» **What the exercise asks**:
Lines from the beginning of the entries up to and including the one with "NOCTA AIR FORCE" must be duplicated word for word; leave out all others.

» **Provided data**:
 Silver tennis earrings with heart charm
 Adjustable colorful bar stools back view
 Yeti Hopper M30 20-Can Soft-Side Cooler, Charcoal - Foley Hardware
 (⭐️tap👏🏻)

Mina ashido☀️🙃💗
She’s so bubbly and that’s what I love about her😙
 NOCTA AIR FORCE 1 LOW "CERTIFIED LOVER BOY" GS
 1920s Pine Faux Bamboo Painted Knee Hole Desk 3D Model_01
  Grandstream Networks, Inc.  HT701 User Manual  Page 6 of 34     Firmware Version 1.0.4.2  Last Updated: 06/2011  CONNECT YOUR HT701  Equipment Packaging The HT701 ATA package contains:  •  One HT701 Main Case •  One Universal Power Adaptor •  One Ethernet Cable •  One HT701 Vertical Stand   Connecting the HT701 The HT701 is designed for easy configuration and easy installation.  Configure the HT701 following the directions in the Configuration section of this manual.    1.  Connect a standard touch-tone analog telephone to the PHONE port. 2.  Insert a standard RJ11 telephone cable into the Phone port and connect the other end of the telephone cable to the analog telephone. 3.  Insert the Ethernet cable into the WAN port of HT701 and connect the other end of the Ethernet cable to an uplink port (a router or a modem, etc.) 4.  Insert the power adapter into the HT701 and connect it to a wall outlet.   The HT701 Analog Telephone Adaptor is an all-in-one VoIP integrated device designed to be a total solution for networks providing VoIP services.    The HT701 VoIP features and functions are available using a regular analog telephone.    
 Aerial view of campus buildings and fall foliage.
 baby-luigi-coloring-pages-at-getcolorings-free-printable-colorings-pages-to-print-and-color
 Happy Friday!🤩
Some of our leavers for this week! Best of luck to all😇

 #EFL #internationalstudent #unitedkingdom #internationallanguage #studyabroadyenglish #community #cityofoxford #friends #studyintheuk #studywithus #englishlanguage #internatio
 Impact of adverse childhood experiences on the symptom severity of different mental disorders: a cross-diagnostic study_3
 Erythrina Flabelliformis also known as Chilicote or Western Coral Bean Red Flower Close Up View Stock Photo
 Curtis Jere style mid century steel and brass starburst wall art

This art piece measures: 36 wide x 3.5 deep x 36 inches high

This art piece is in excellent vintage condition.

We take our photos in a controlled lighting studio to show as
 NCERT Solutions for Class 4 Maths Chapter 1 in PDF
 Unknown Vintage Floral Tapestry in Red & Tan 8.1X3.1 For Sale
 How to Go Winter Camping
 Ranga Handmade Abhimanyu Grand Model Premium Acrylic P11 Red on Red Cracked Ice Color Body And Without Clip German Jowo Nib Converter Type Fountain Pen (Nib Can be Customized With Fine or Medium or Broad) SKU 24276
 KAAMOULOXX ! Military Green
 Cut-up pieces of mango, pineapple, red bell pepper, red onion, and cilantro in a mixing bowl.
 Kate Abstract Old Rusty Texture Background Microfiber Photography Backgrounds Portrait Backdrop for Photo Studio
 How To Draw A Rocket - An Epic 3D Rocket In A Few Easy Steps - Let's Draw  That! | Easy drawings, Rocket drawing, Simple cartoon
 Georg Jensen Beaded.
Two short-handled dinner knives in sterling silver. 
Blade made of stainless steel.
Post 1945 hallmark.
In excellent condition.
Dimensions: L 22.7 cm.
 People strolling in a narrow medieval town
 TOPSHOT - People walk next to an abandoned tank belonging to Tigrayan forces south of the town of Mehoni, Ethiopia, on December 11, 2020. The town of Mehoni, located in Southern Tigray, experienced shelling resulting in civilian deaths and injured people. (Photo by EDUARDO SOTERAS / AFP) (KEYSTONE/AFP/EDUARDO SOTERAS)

» **Response box**:
 Silver tennis earrings with heart charm
 Adjustable colorful bar stools back view
 Yeti Hopper M30 20-Can Soft-Side Cooler, Charcoal - Foley Hardware
 (⭐️tap👏🏻)

Mina ashido☀️🙃💗
She’s so bubbly and that’s what I love about her😙
 NOCTA AIR FORCE 1 LOW "CERTIFIED LOVER BOY" GS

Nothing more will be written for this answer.